We have started the self-evaluation meetings with faculties, performance management reviews are coming up and generally the mood remains positive… and then we have the latest media soundbites relating to the views of Sir Michael Wilshaw. 

I’ve always thought that it is healthier to address these types of issues as they arise rather than just ignoring them. So, I read about it, thought about it and then I raised it at a staff meeting. I don’t think that I have ever seen my staff of 200-plus with more than 110 teachers, a group of hard-working, dedicated and skilled individuals, so demoralised and feeling that they were just at the mercy of whoever else wanted to come along and berate them in a public forum.

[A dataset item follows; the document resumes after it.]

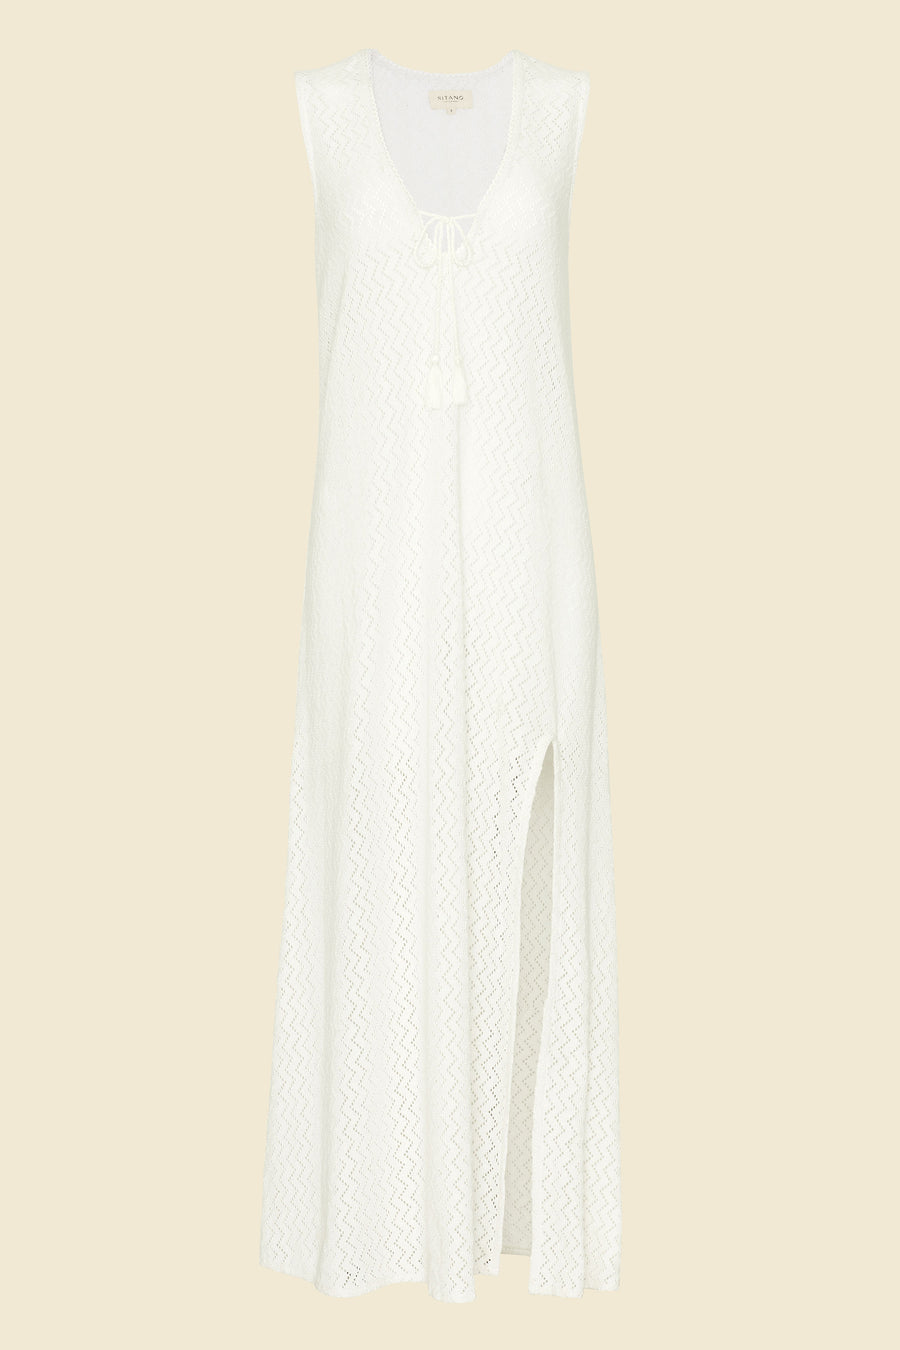 Sorrento Dress - White Crochet (Pre-order)

I agree with much of what Sir Michael believes about the profession and education; it is either how he says it or how it is reported that causes the problems. Of course, all children deserve the best; all teachers should be prepared to deliver the best and to be accountable for that and paid accordingly. If they are not, then they should find something else to do. 

However, how are we going to find the people prepared to give of their best or nurture those who already do if we continue to belittle the status of our profession and provide the mud for others to sling? How many teachers do you know, or support staff for that matter, who are “out of the door at 3pm”?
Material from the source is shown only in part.